**Problem statement**
Without any of its pictures, the listing below should be output exactly.

**Dataset excerpt**

==============================

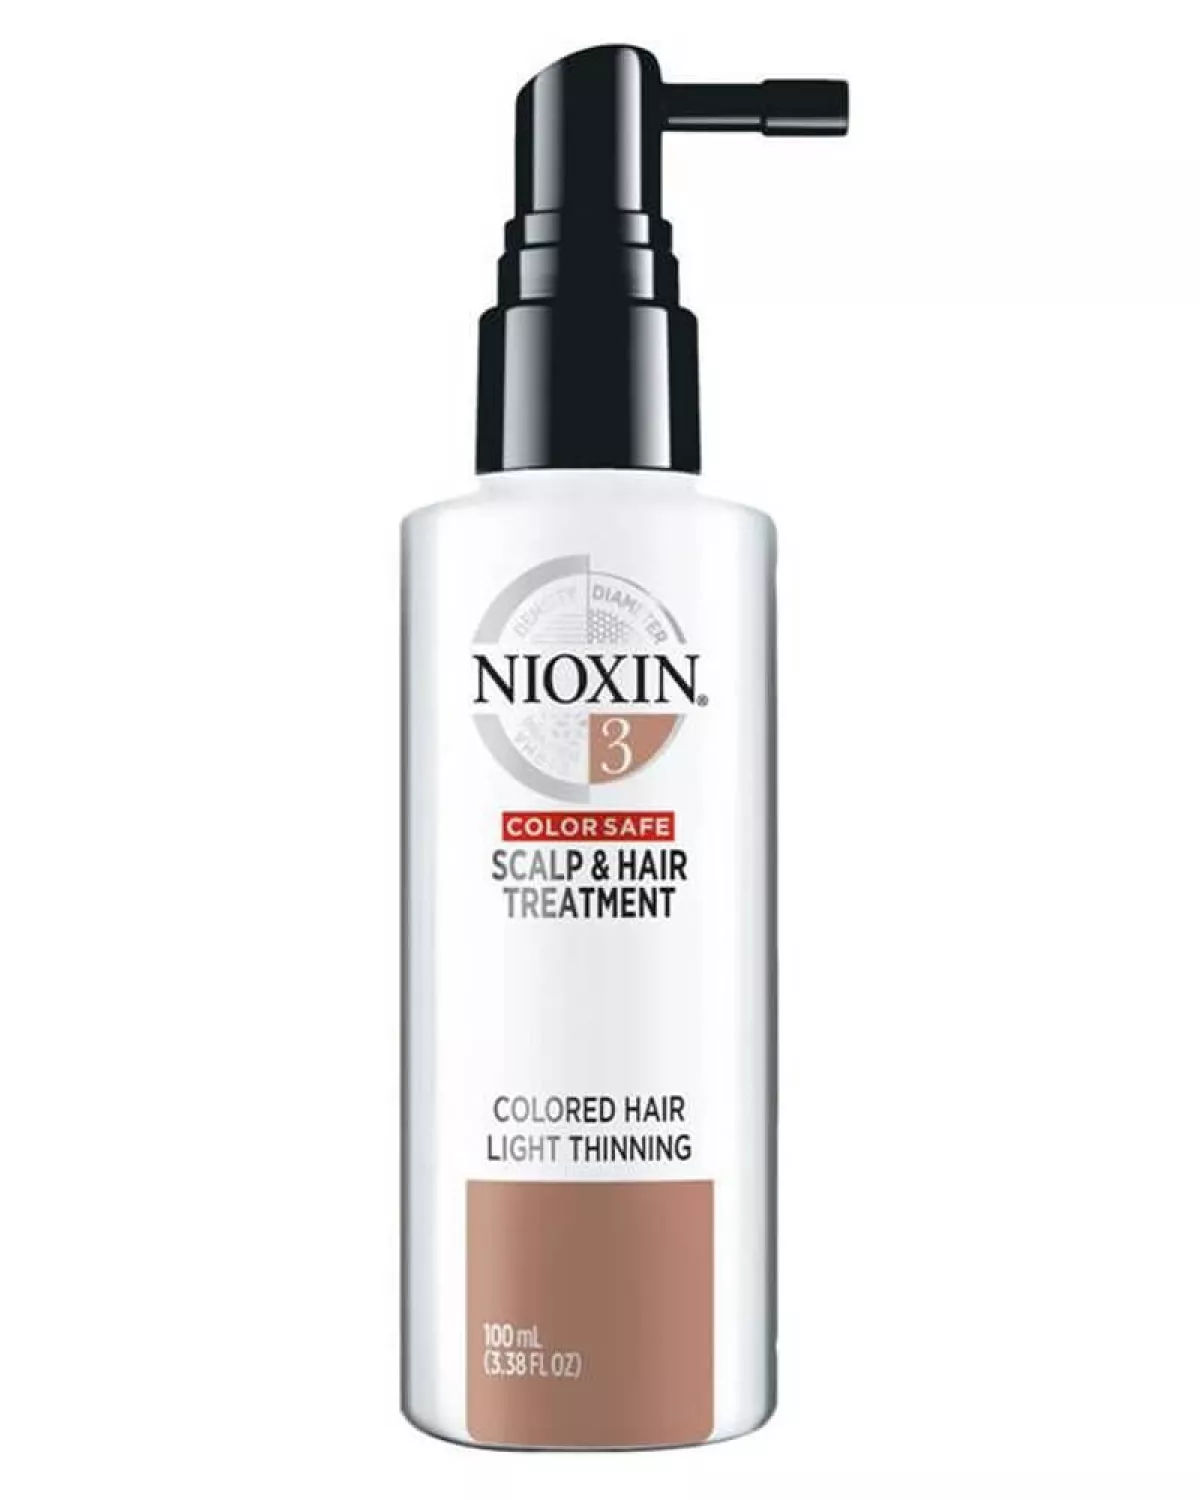 #1 - Nioxin 3 Scalp & Hair Treatment 100 ml
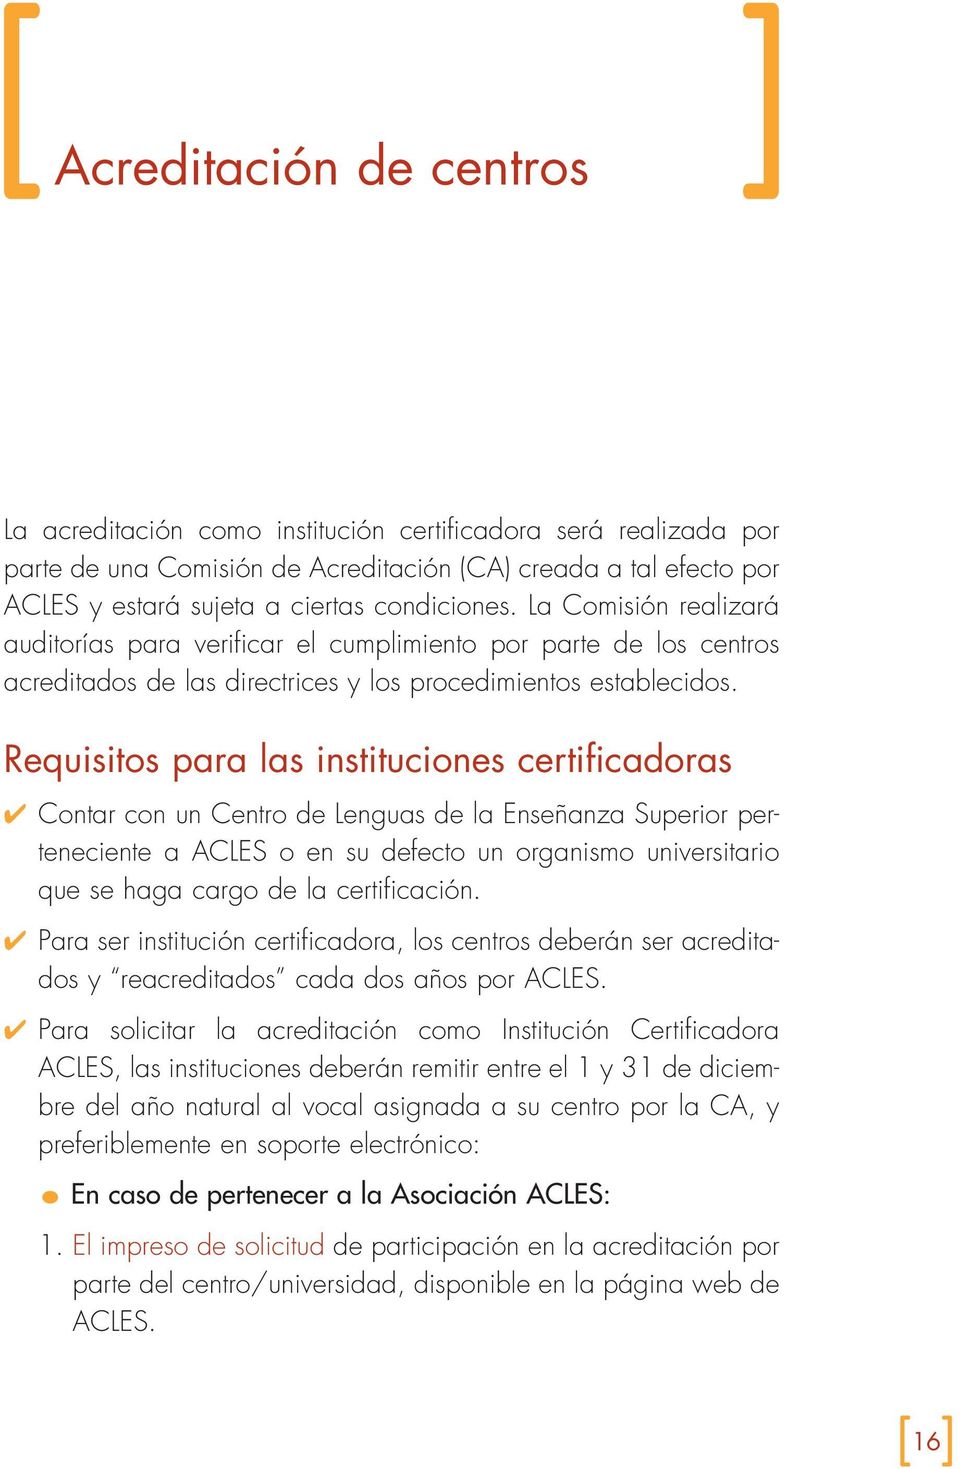 Requisitos para las instituciones certificadoras Contar con un Centro de Lenguas de la Enseñanza Superior perteneciente a ACLES o en su defecto un organismo universitario que se haga cargo de la
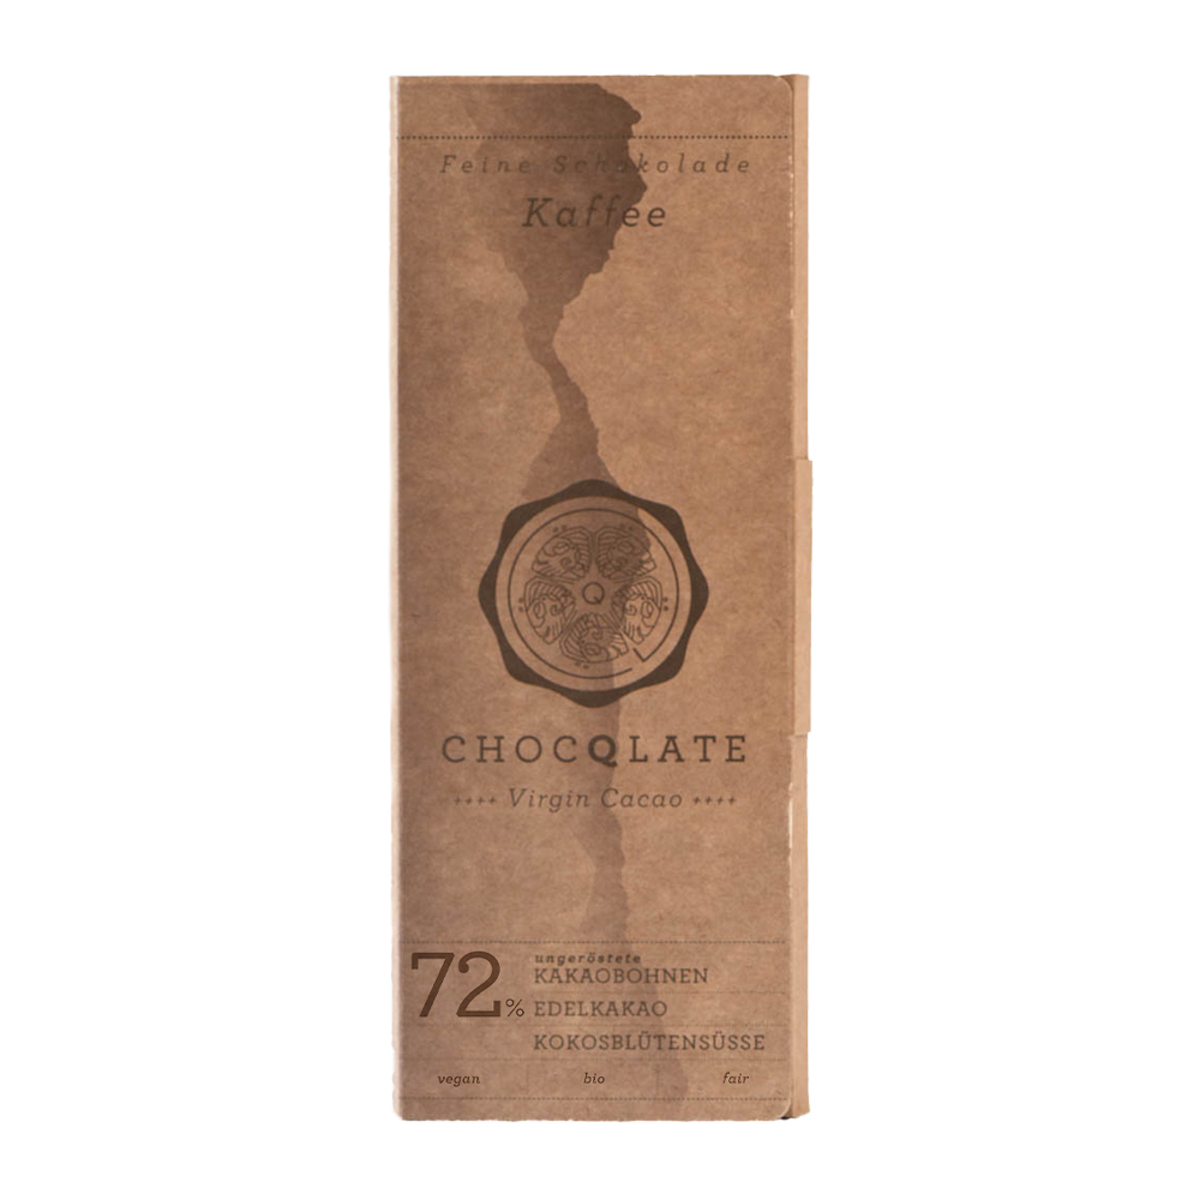 Coffret Chocolat N ° 14 Café - Matcha - Pur - Noix de coco

==============================

**Output for this exercise**
 #1 - Nioxin 3 Scalp & Hair Treatment 100 ml
 Requisitos para las instituciones certificadoras Contar con un Centro de Lenguas de la Enseñanza Superior perteneciente a ACLES o en su defecto un organismo universitario que se haga cargo de la
 Coffret Chocolat N ° 14 Café - Matcha - Pur - Noix de coco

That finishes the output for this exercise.